Worrying about being a worrier?

Kate Ellison 1 June 2015

We all know that one friend who is the special type of worrier; the type who, even when there is nothing to worry about, is worried about the absence of worry and spends time worrying about the amount of time dedicated to worrying. They have convinced themselves that they haven’t done anything with their lives yet they wrestle with cutting down their CV every time they review it. They are the perfectionist personified. I’m not necessarily saying (admitting) that I am that friend (other side of me), I’m just saying that I happen to experience this particular phenomenon regularly.

It’s a pet hate of mine when people either trivialise anxiety (‘oh, everyone gets nervous, it’s natural’) or equally when they jump to extreme conclusions (‘if someone is anxious, they could be a danger to others and seriously hurt them’). So as a lover of lists, here are just a few of the psychological and physical symptoms which you can check against and hopefully seek some comfort in, knowing that you’re not the only one experiencing any of them…

 

Some psychological symptoms:

– Concentration difficulties

– Difficulties organising thoughts

– Hearing negative self-talk

– Experiencing feelings of dread and imminent danger

– Ruminating over things that have happened even though you can’t change or control them

– Narrowing of perspective

 

Some physical symptoms:

– Feeling faint or a bit dizzy

– Feeling very thirsty or like you have a lump in your throat

– Needing the toilet more than usual

– Feeling tearful or crying

– Rapid heartbeat (feeling you are having a heart attack)

 

Anxiety is on a spectrum and can be debilitating for a person irrespective of the amount of time it was experienced and the number of times it has occurred. The average anxiety attack lasts for approximately 10 minutes and people can be diagnosed with anxiety disorders which occur only in a year or they can re-occur in a person’s life if triggered by other circumstances. We all have our own triggers, our own outlook on how we want things to be and importantly, our own coping strategies. Here are some of mine, but take time to consider your own:

Exercise – Being anxious is physically tiring so try wearing yourself out in a positive way. It will help you get a better night’s sleep and naturally makes you hungry to replace the energy expended. It doesn’t have to be too rigorous, even just 15-20 minutes of walking around your college garden can help you refresh and get ready for another round of revision.

Reading travel and Features articles – A lot of degrees require a lot of reading so maybe you feel too guilty to read entire novels when you should be quoting Shakespeare or learning how to keep planes in the air which is fair enough, but that doesn’t mean you can’t still read about things that make you happy.
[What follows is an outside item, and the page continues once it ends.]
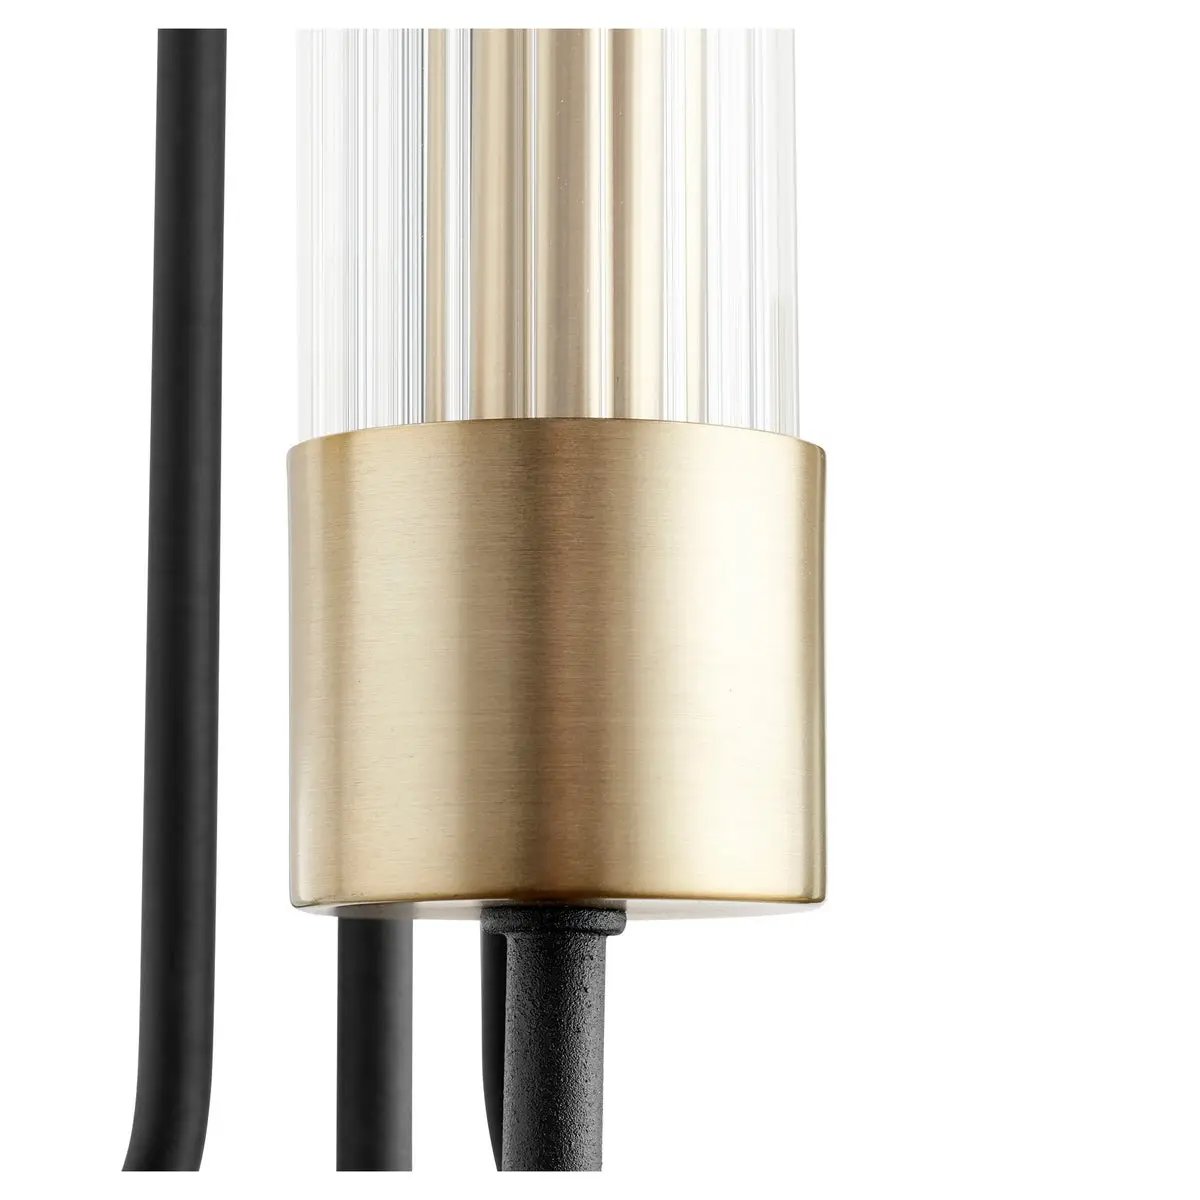 Transitional Wall Sconce with clear fluted glass shades and aged brass/noir finish. Minimalist-inspired design with soft-angular curves. Suitable for indoor and outdoor spaces. 12"W x 18"H x 7"E. 2-year warranty.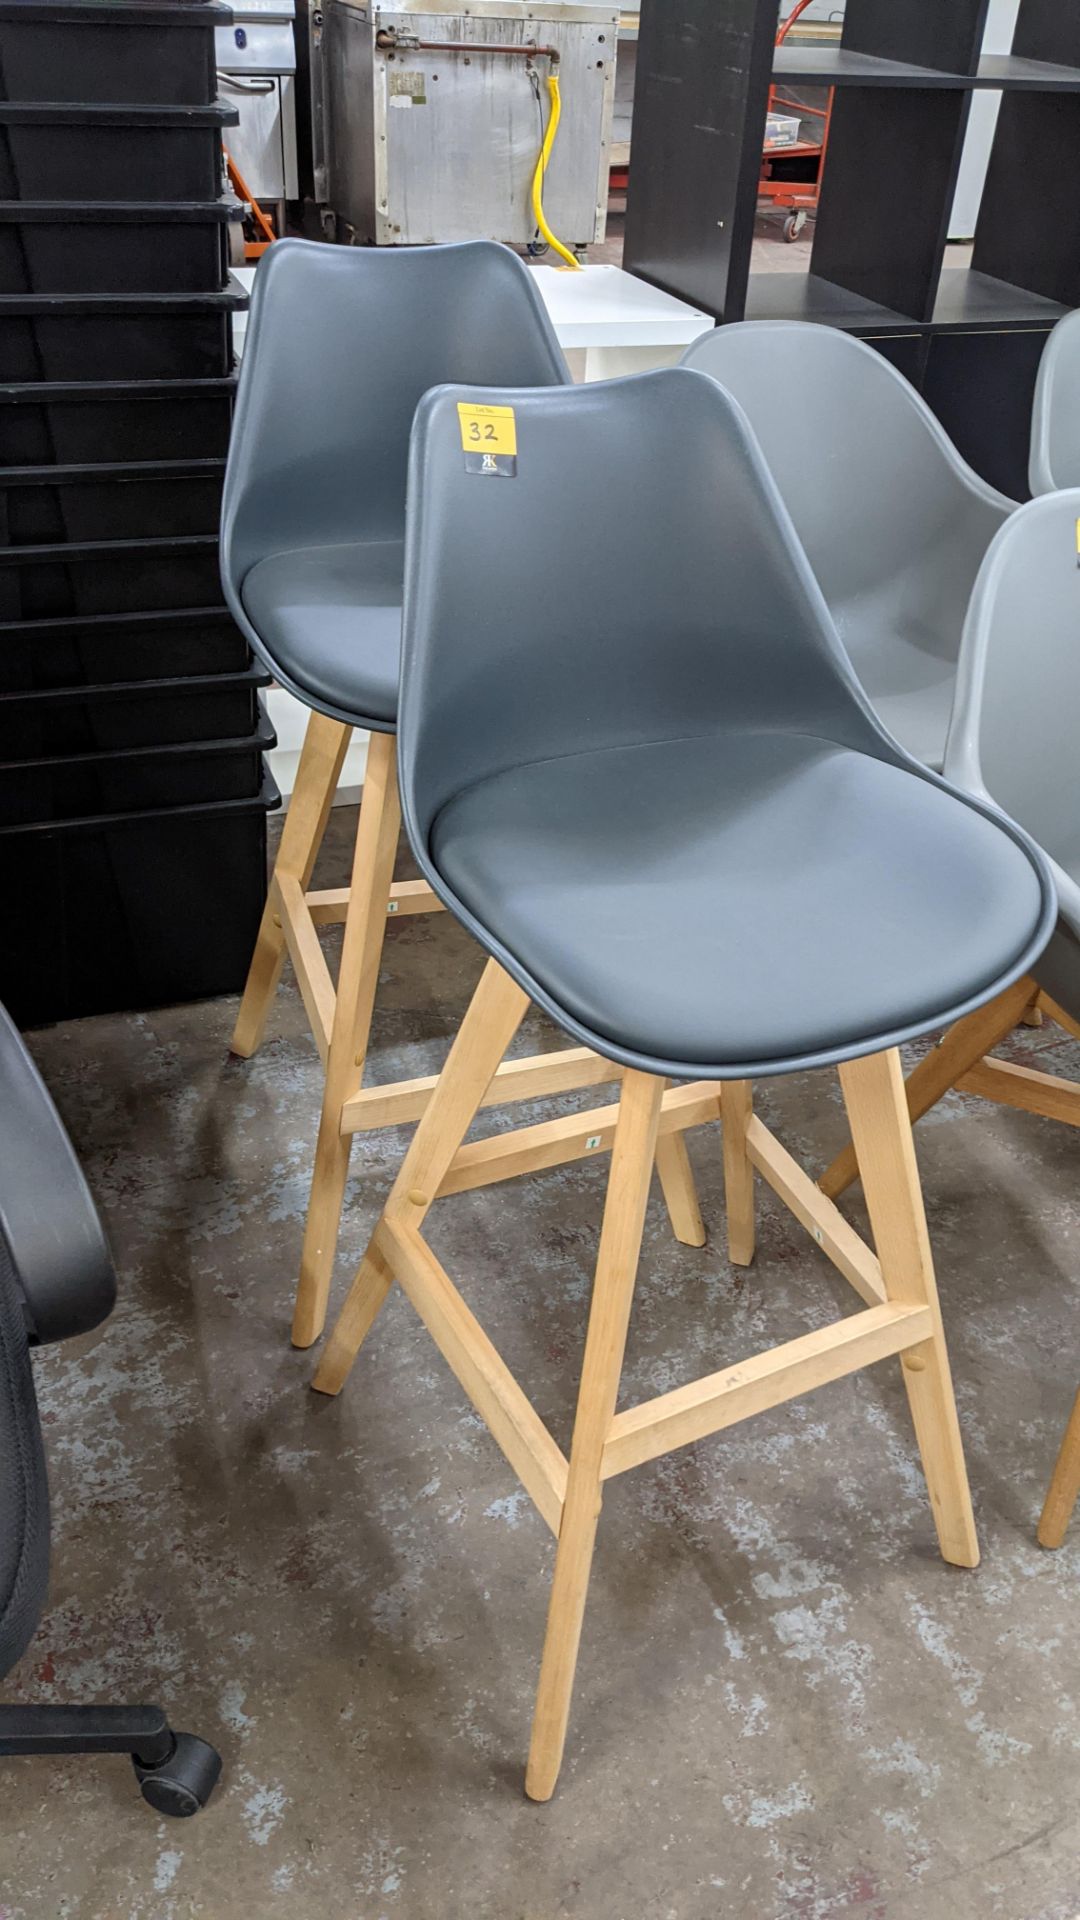 Pair of matching high backed stools each comprising wooden frame with dark grey plastic seat & padde - Image 2 of 5

Looking at holiday photos – Anxiety can often produce a spiral of thoughts, and if negative, this can be debilitating in terms of work. So if you can get in there and try to interrupt these thoughts with intense, positive memories, then you can switch the spiral’s direction to up.

The Comfort Zone – Friend or Foe?

Friend: Sometimes to reduce feelings of anxiety, you need to do things that might not seem terribly exciting or are really different to usual but that you know are guaranteed to make you feel happy and warm. Buy the special tea you saw in Whittard’s as a little treat, plan in time to go on Skype and speak to your family, plan in time to go out for a quick lunch with your friend, watch TV so bad that it’s good for a bit of light entertainment.

Foe: Getting comfortable with being outside of your comfort zone – There’s something hugely liberating about overcoming something or doing something that wasn’t as bad as you dreamed it would be. After all, people do multiple degrees, watch crime dramas to relax and engage in adventurous sports to help them feel alive. So once in a while, do something that is a milestone. Maybe work up to it, maybe only go with someone you wholly trust, but do it for yourself to show yourself what you’re capable of.

 

Some of my most anxious friends (and I mean my actual friends, not aforementioned ‘friend’) are literally the most thoughtful, kind, protective people I have ever met. They’re other-oriented, always trying to keep people happy and they are reliable because they hate uncertainty and letting others down. Anxiety is fascinating because it’s something we all are predisposed to just by being human and having foresight and a sympathetic nervous system yet is something we can have control over, it can be managed and more often than not, anxiety itself can be a redemptive and life-saving trait.